Some of the weirdest analogies found in papers by high school students:
- The situation had become topsy-turvy - like Christmas in the summer, if you’re in Australia.
- Her vocabulary was as bad as, like, whatever.
- The information imbedded on the stolen computer chip was like an explosive so explosive it could explode, creating a massive explosion.
- Her parting words lingered heavily inside me like last night’s Taco Bell.
- The plan was simple, like my brother-in-law Phil. But unlike Phil, this plan just might work.
- His face looked like an ice sculpture. Not one of those pretty ones in the middle of a cruise ship buffet, but the kind they do in a contest with a chain saw - and it had been out in the heat too long.
- She walked into my office like a centipede with 98 missing legs.
- A single drop of sweat slowly inched down Chad’s brow - a tiny, glistening Times Square New Year’s Eve Ball of desperation.
- The little boat gently drifted across the pond exactly the way a bowling ball wouldn’t.
- Her face was a perfect oval, like a circle that had its two other sides gently compressed by a ThighMaster.
- He spoke with the wisdom that can come only from experience, like a guy who went blind because he looked at a solar eclipse without one of those boxes with a pinhole in it and now goes around the country speaking at high schools about the dangers of looking at a solar eclipse without one of those boxes with a pinhole in it.
- From the attic came an unearthly howl. The whole scene had an eerie, surreal quality, like when you’re on vacation in another city and “Jeopardy” comes on at 7 p.m. instead of 7:30.
- Her hair glistened in the rain like nose hair after a sneeze.
- Her eyes were like two brown circles with big black dots in the center.
- He was as tall as a six-foot-three-inch tree.
- She grew on him like she was a colony of E. coli and he was room-temperature Canadian beef.
- She had a deep, throaty, genuine laugh, like that sound a dog makes just before it throws up.
- Even in his last years, Grandpappy had a mind like a steel trap, only one that had been left out so long, it had rusted shut.
- Shots rang out, as shots are wont to do.
- He was deeply in love. When she spoke, he thought he heard bells, as if she were a garbage truck backing up.
- The young fighter had a hungry look, the kind you get from not eating for a while.
- He fell for her like his heart was a mob informant and she was the East River.

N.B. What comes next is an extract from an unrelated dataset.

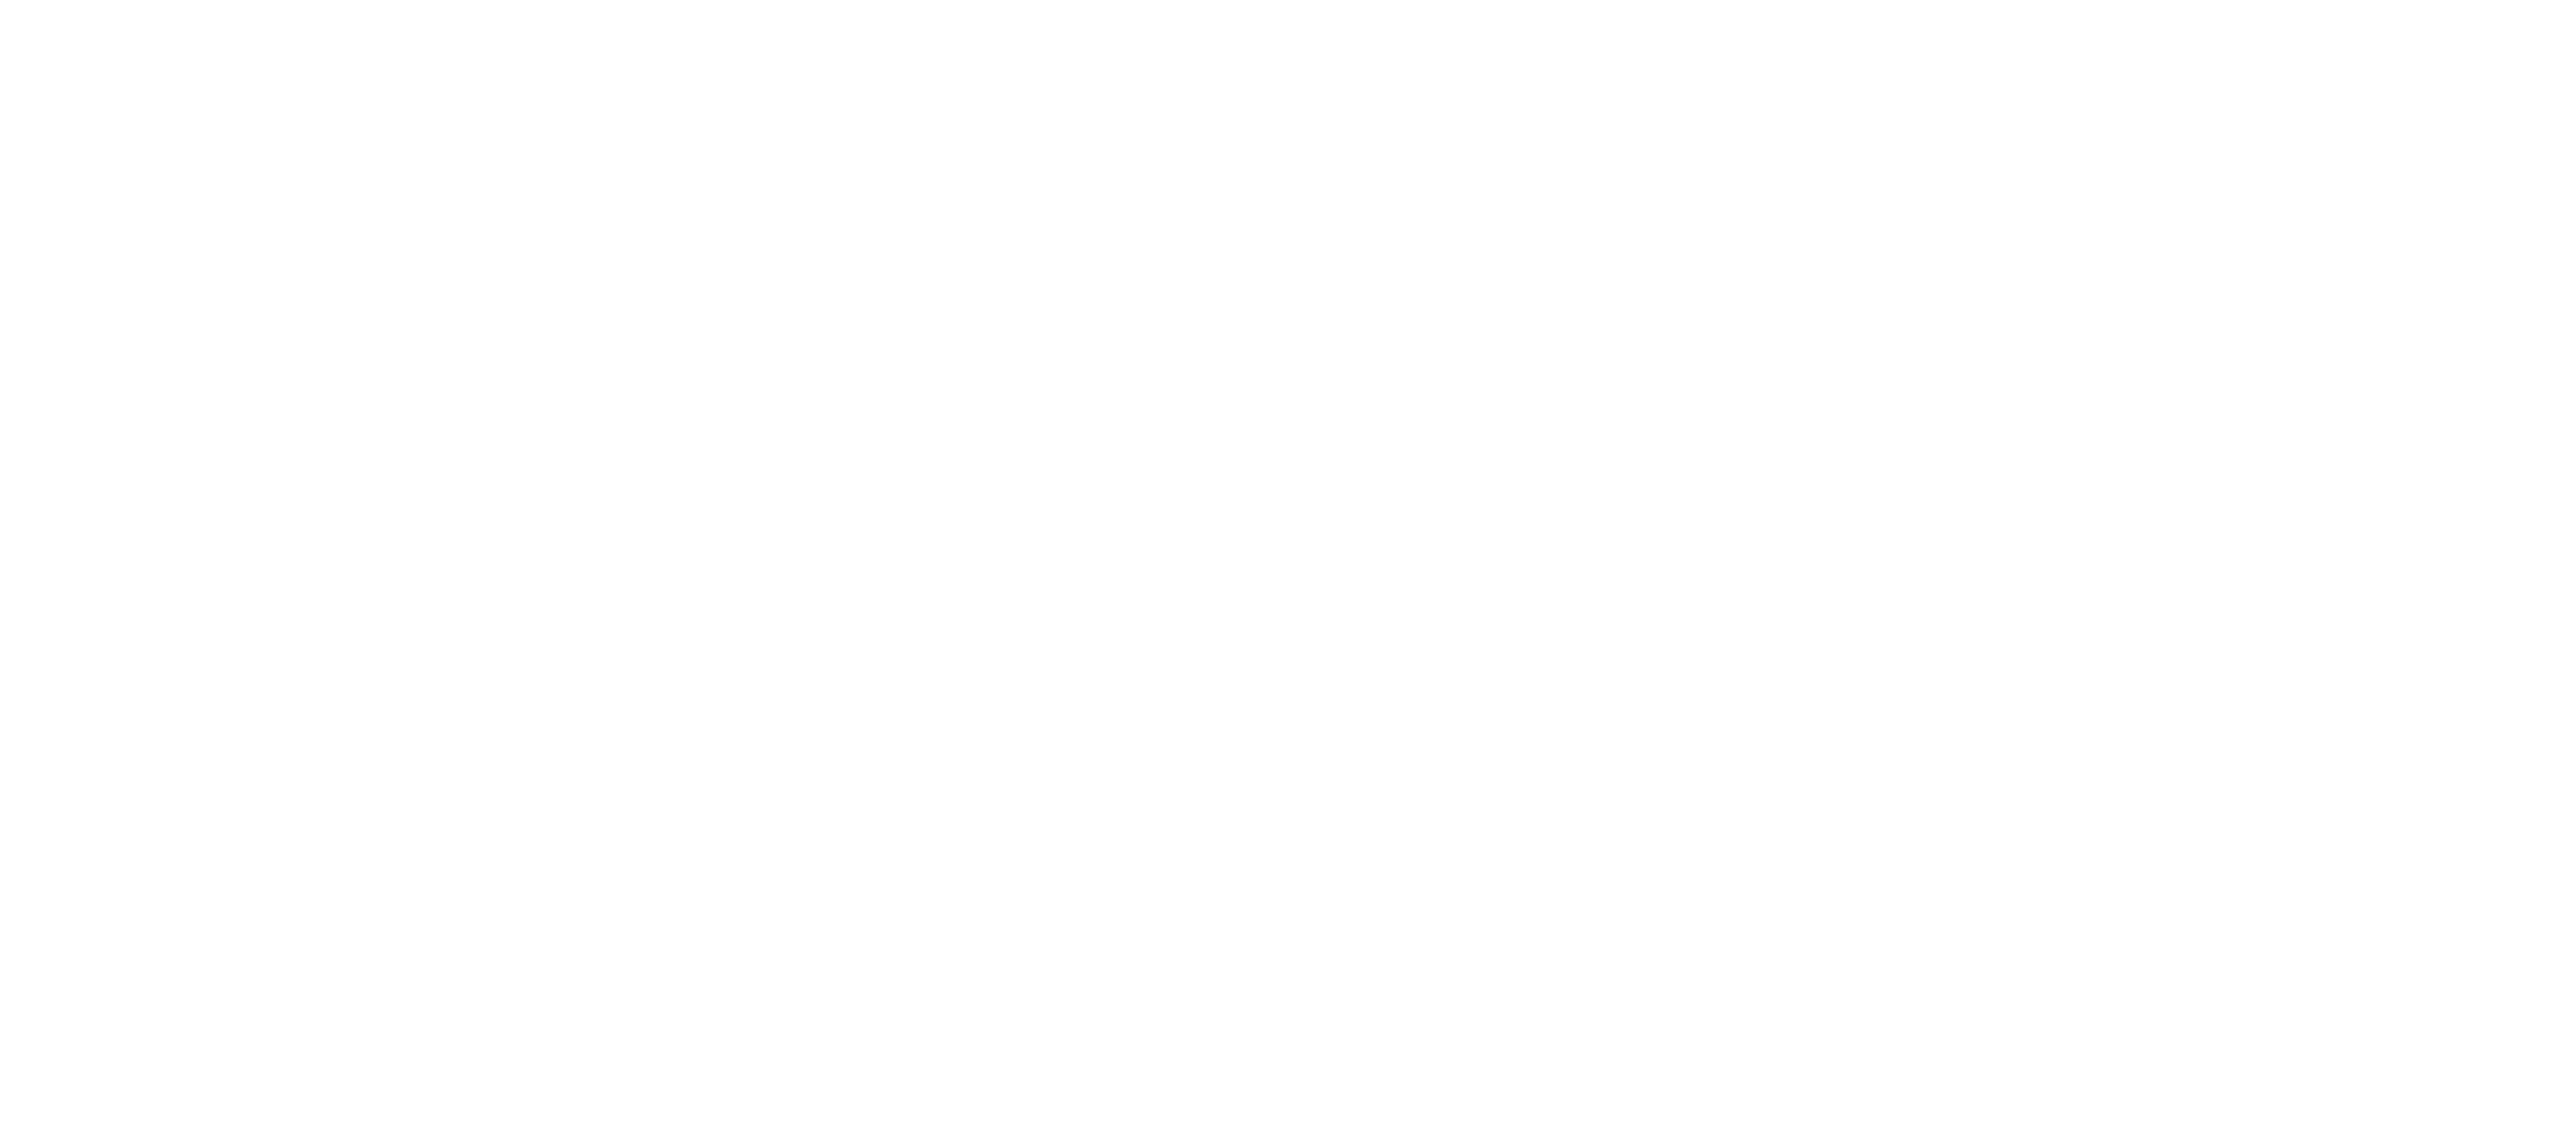 Surveyors Source
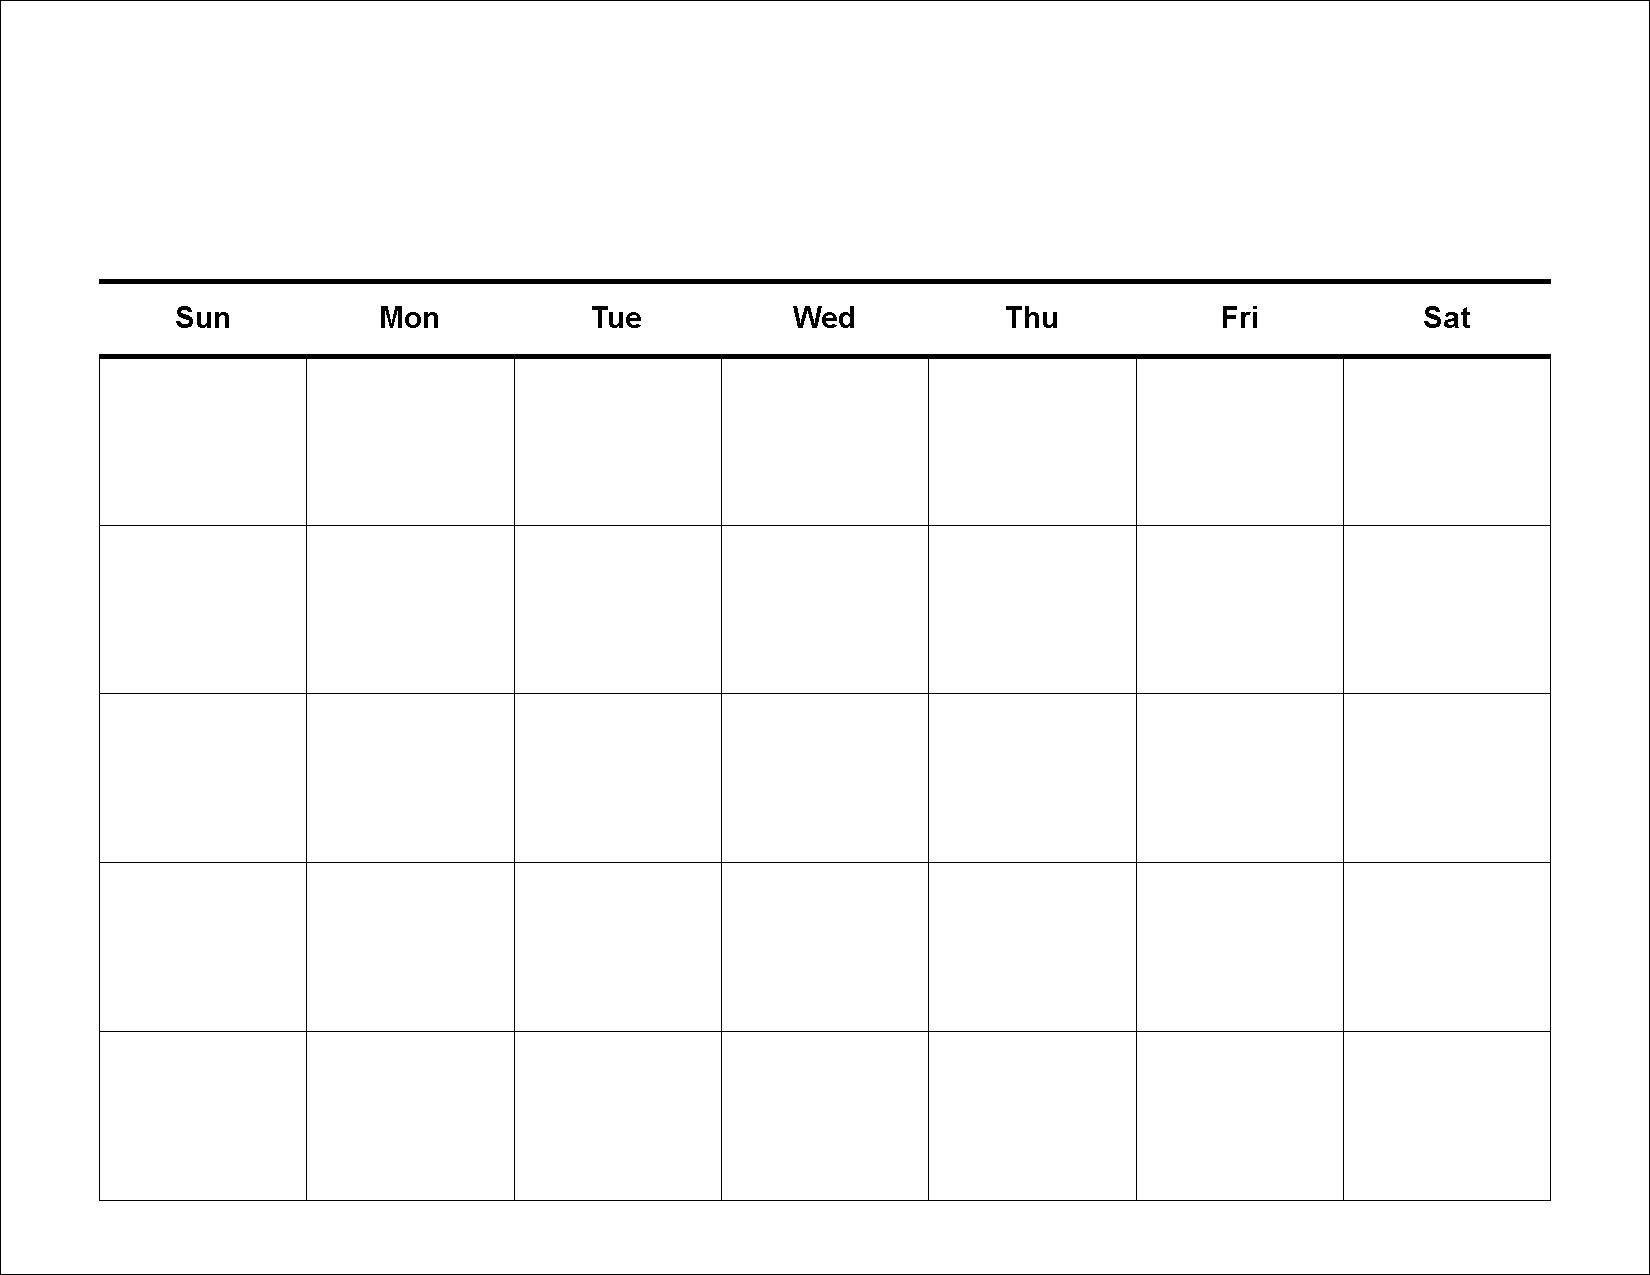 30 Day Blank Calendar Template 2 Week Blank Calendar  Blank 30-Day Calendar

- He was as lame as a duck. Not the metaphorical lame duck, either, but a real duck that was actually lame. Maybe from stepping on a land mine or something.
- Her eyes were like limpid pools, only they had forgotten to put in any pH cleanser.
- Her voice had that tense, grating quality, like a generation thermal paper fax machine that needed a band tightened.
- It hurt the way your tongue hurts after you accidentally staple it to the wall.
- The hailstones leaped from the pavement, just like maggots when you fry them in hot grease.
- Long separated by cruel fate, the star-crossed lovers raced across the grassy field toward each other like two freight trains, one having left Cleveland at 6:36 p.m. traveling at 55 mph, the other from Topeka at 4:19 p.m. at a speed of 35 mph.
- They lived in a typical suburban neighborhood with picket fences that resembled Nancy Kerrigan’s teeth.
- John and Mary had never met. They were like two hummingbirds who had also never met.
- The thunder was ominous sounding, much like the sound of a thin sheet of metal being shaken backstage during the storm scene in a play.
- His thoughts tumbled in his head, making and breaking alliances like underwear in a dryer without Cling Free.
- The red brick wall was the color of a brick-red Crayola crayon.
- The politician was gone, but unnoticed, like the period after the Dr. on a Dr Pepper can.
- She had a voice so husky it could have pulled a dogsled.